I love this new approach. SimCity has always been something of a sandbox, and while our digital playgrounds have gotten a bit smaller this time around the ability to create specialized cities and tag-team with friends and strangers adds a refreshing new level of complexity to a classic experience. And there’s always the option to keep things private, keeping an entire region to yourself and designing a region as you see fit.

But all of this is only neat if you can actually play the game.  I’ve done my fair share of griping about the woeful state of SimCity’s launch, and while things have admittedly improved over the last week, being able to access the game “pretty often” just isn’t good enough.

Lengthy server queues have kept many players from enjoying the new SimCity, which cannot be played offline.

Progress is saved on EA’s servers, so if your particular server is down you’ll lose access to the cities you’re working on—this includes losing progress if a server goes down in the middle of a game.

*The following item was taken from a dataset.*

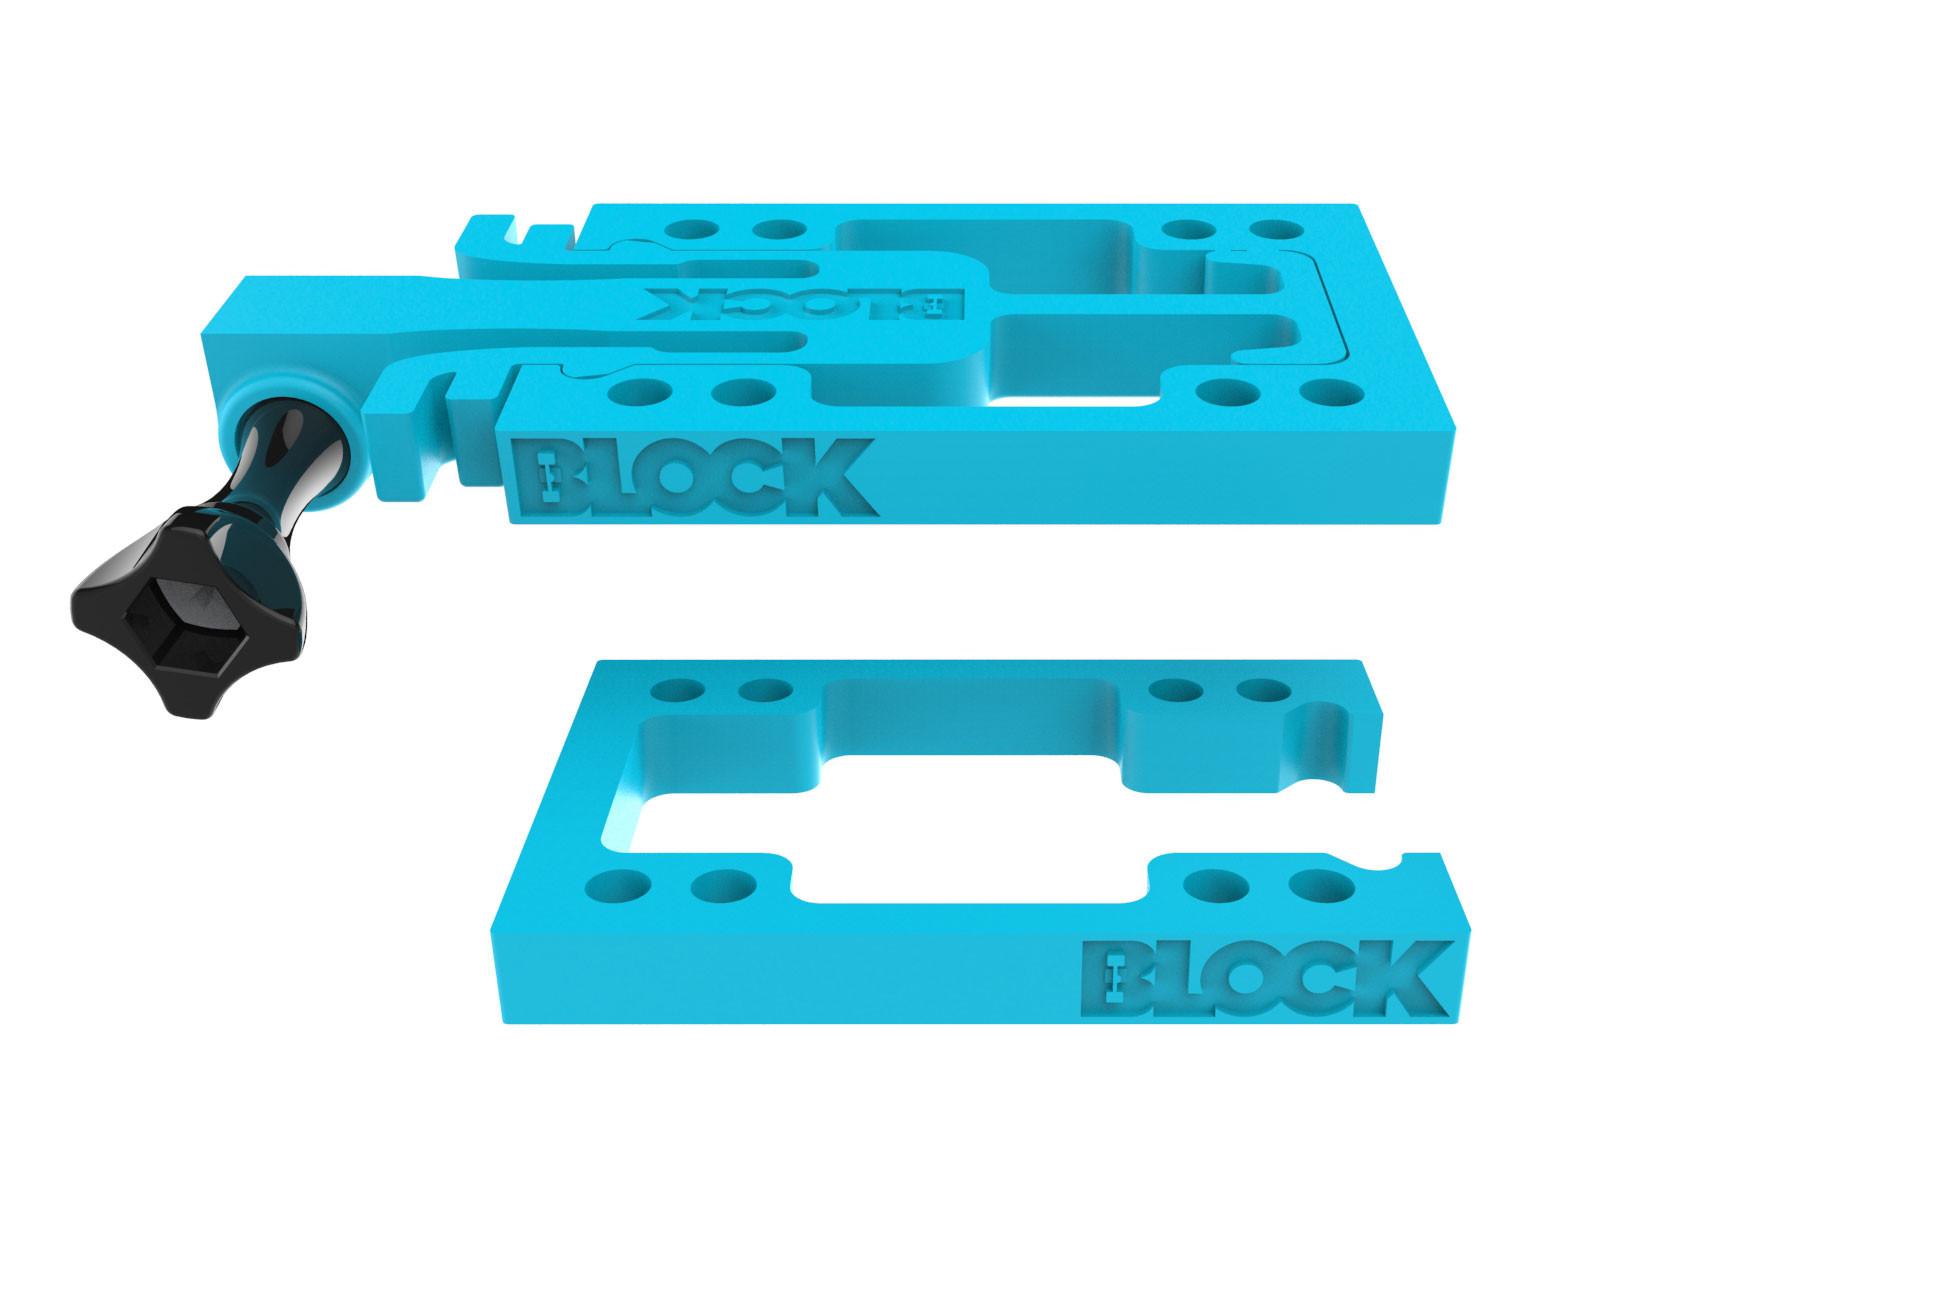 BLOCK Risers for Your Custom Skateboard!

The lack of save games makes sense from EA’s perspective: city and region progress is tracked on leaderboards, so you wouldn’t want folks cheating their way to the top. But it also means being unable to unleash disasters on your city for the occasional experiment (or giggles) or even sample different road layouts without spending loads of cash, much less unleash a disaster on your city just for the hell of it.

And now we’re back to that multiplayer-first focus, which will be the hardest hurdle for fans of the older games in the series to get over. The relatively small city sizes means you’ll need to design a city that thrives with a particular focus, and then building complementary cities alongside it. If you’re playing by yourself and have settled into a comfortable, profitable rhythm, things will get repetitive—fast. Playing with others naturally throws new wrenches into the works, as you attempt to goad others into accommodating your master plan or deal with mayors who aren’t very organized (like me).

The SimCity experience is also ultimately tied to EA’s whims. I’m not talking about the all-but guaranteed torrent of downloadable content we can expect to arrive in the coming months. No, it's all about the online-only experience: even once the troubled launch is behind us, the future of SimCity lies in however long EA is willing to support it. At some point in the future, SimCity will inevitably be shut down—and your cities and regions will disappear alongside it. While this is simply a fact of life in the brave new world of cloud gaming, SimCity has always been the sort of gift that keeps on giving—there are still legions of fans playing SimCity 3, SimCity 4 and even SimCity 2000.

SimCity has its share of problems, but it still scratches that itch to build bustling and bucolic little cities.

Is SimCity worth your time? It depends. I’m having a blast: the last week has not been without its share of woes, and the focus on playing with others coupled with server issues necessarily limits the thrill of carving a thriving metropolis out of digital soil. But there’s potential for a singular experience here, once you’ve found a solid circle of friends or strangers to work with. But it's out of reach until the server situation is sorted, and after a few necessary bug fixes. And it's gone once EA decides to kill the servers.

Bottom line: EA and Maxis haven’t rested on their laurels here. Their risky experiment in bringing a classic franchise into the future is bold, and fun. But if you can’t stomach the crippled single-player experience, and don’t want to leave so much of your entertainment power in a company’s hands, you’ll want to steer clear—or at least wait until it’s on sale. But don’t let the rough launch turn you off—there’s a lot to love in this game, and it’s worth taking for a spin.